Я – помню. Когда отец и братья уходили на работу или в школу, мы с мамой оставались одни. Она возвращалась в постель, а я, крича от радости, карабкался на широкое супружеское ложе. Я набрасывался на нее, бодал головой в грудь, яростно топтал толстенькими ножками мягкий материнский живот. Она смеялась, от неожиданности у нее перехватывало дыхание, прижимала меня к себе, чтобы прекратить мои беспорядочные движения. Это была ласковая борьба, в которой я в конце концов бывал побежден. Потому что вся эта мягкая теплота одолевала мой напор. Инстинктивно я возвращался на прежнее место, в позу зародыша, по-прежнему казавшуюся мне привычной, – и снова засыпал.

Позже она наполняла ванну, и, закрыв краны, сажала меня в воду, доходившую мне до подбородка. Я сидел неподвижно и очень прямо, по опыту зная, что нахлебаюсь, если ягодицами вдруг скользну по дну ванны. Впрочем, вскоре мама сама тоже садилась в ванну. Дело это было непростое, потому что тогда вода поднималась на несколько сантиметров, и маме приходилось приподнимать меня и класть себе на грудь, пока меня не залило. Именно испуг, внушаемый подъемом воды к моему носу, в основном и добавил яркости этому воспоминанию и позволил ему пройти сквозь столько лет. Такие вещи выдумать невозможно.

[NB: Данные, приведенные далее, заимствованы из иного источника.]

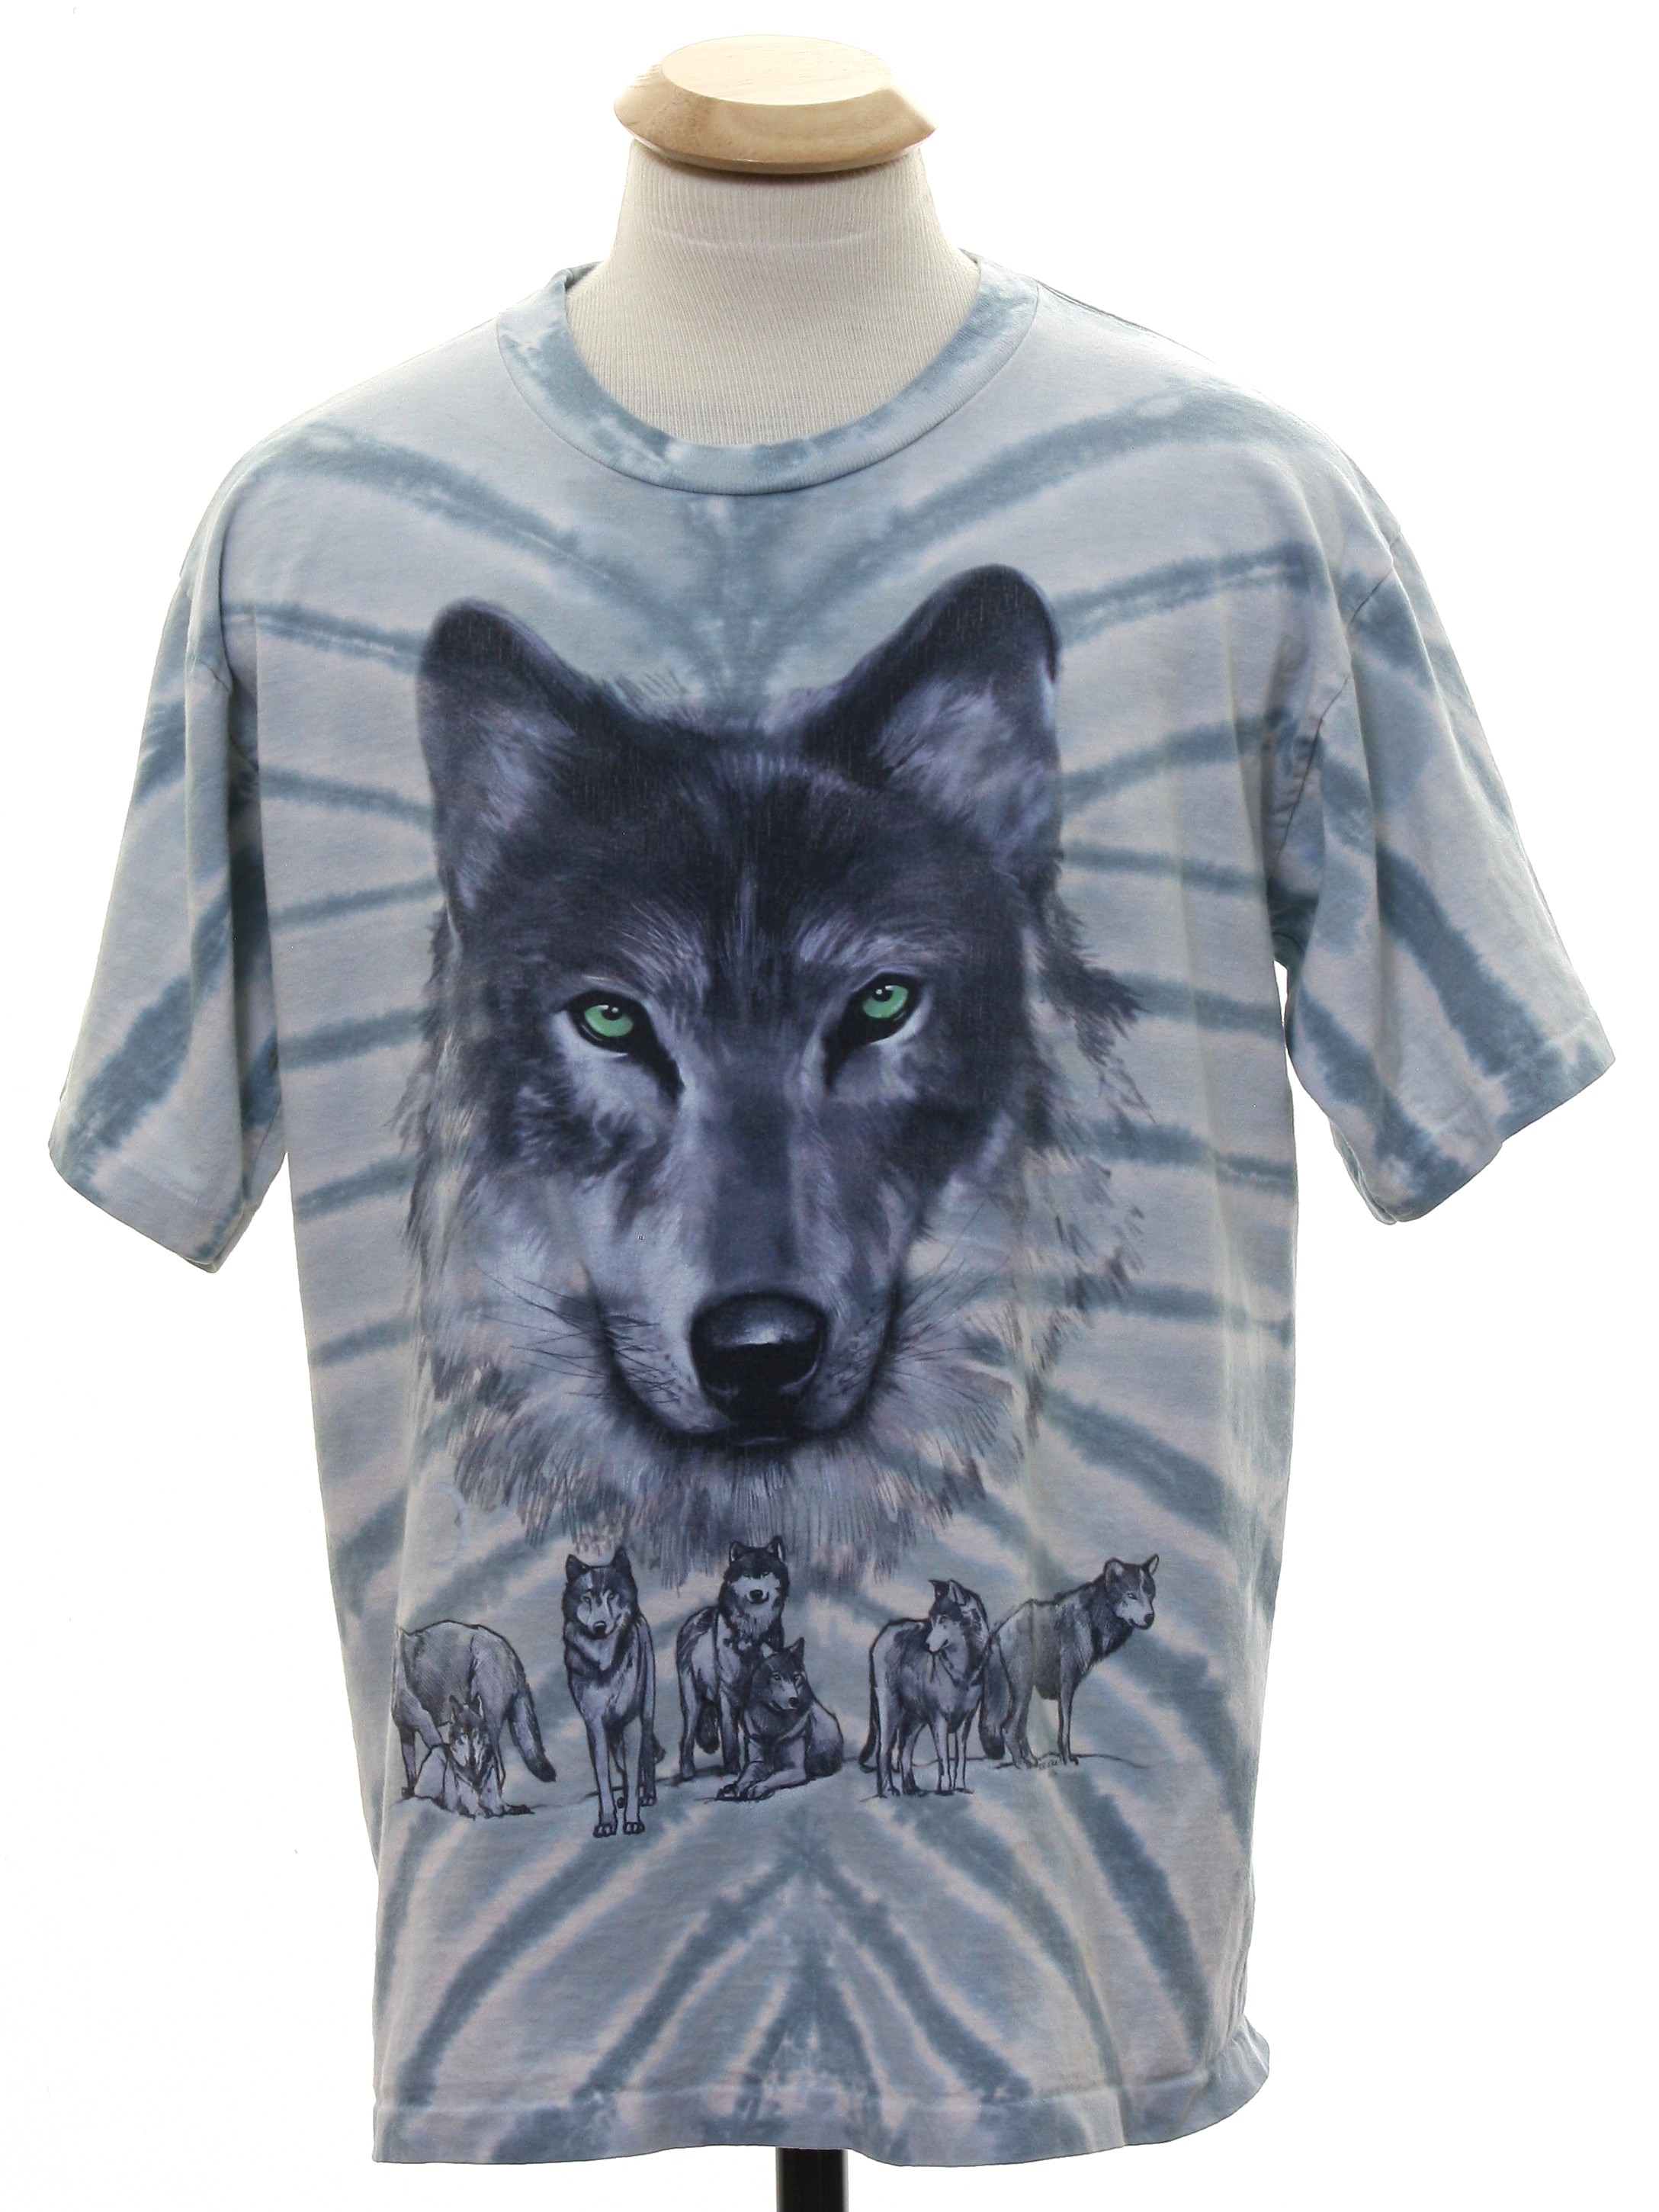 T Shirt 90s Liquid Blue Unisex Light Aqua Background Cotton Short Sleeve Pullover Animal T Shirt Wolf Themed Print On The Front On A Tie Dye Patterned Background In Shades Of Grey Blue Charcoal Grey

Но двадцать лет спустя я вспомнил об этой сцене в кругу семьи и с удивлением увидел, что мама, внезапно покраснев от смущения, ни за что не желает признать, что такое бывало. Я слишком поздно понял, что это воспоминание составляло часть фонда наших общих секретов и что я только что допустил непростительную ошибку, обнародовав его. Я не должен был намекать на него, даже наедине с ней. Все пары связаны таким негласным священным запасом. Если один нарушит молчание, то что-то непоправимо разобьется.

Другое воспоминание, не такое давнее, еще сокровеннее своей связью с моим горечком. Мне было, наверно, лет двенадцать. Однажды вечером мама застала меня в слезах, придавленного нечеловеческим, неизбывным горем. Она хочет обнять меня, я резко отталкиваю ее: «Нет, не ты! Только не ты!» Она очень обеспокоена, расспрашивает меня, хочет понять. Наконец я соглашаюсь объясниться.

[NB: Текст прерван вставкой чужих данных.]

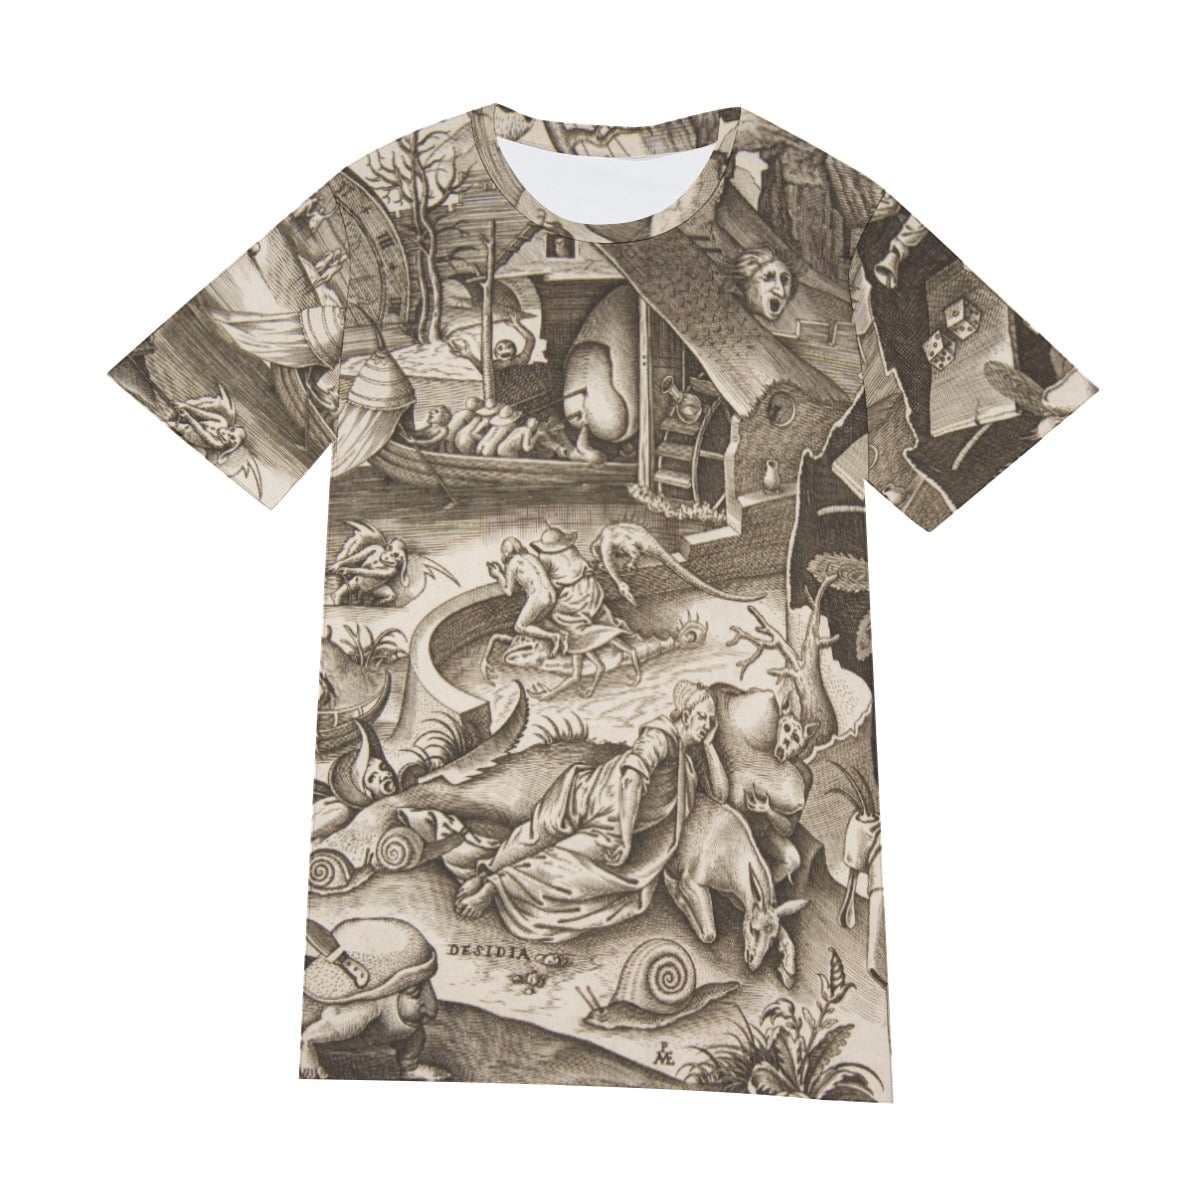 Sloth The Seven Deadly Sins by Hieronymus Bosch T-Shirt

– Я плачу, потому что ты когда-нибудь умрешь.

– Ну, конечно, милый, я умру, все умирают. Но не теперь, а позже, может быть гораздо позже.

Плач в два раза сильнее… «Конечно умру, но позже». Из этих двух утверждений, я соглашаюсь понять только первое, единственно верное, неколебимое, абсолютное. Второе – «не теперь, позже» – неприемлемо, лживо, уклончиво. Нужно обладать всем легкомыслием взрослого, чтобы умудриться забыть это «конечно» и держать в уме одно «позже». Для ребенка, который живет в абсолютном, «конечно» существует вне времени, сразу, и это единственная подлинная реальность.

Я вернулся в свои гостиницы, «Вокзальную» и «Крановщики» с удовлетворением Улисса, воротившегося в Итаку после Троянской войны и одиссеи. Моя первая ночь была отдана вокзалу, как и полагается, потому что я ценю, когда путешествие заканчивается именно в такого рода гостиницах, являющихся частью вокзала и отмечающих конец странствия так же неколебимо, как шлагбаумы, в которые утыкается паровоз моего поезда. Для бродяги вроде меня, обреченного на наемное жилье, отель «Вокзальный» – это что-то надежное, законченное. Что ж, каждый имеет такую сидячую жизнь, на какую способен.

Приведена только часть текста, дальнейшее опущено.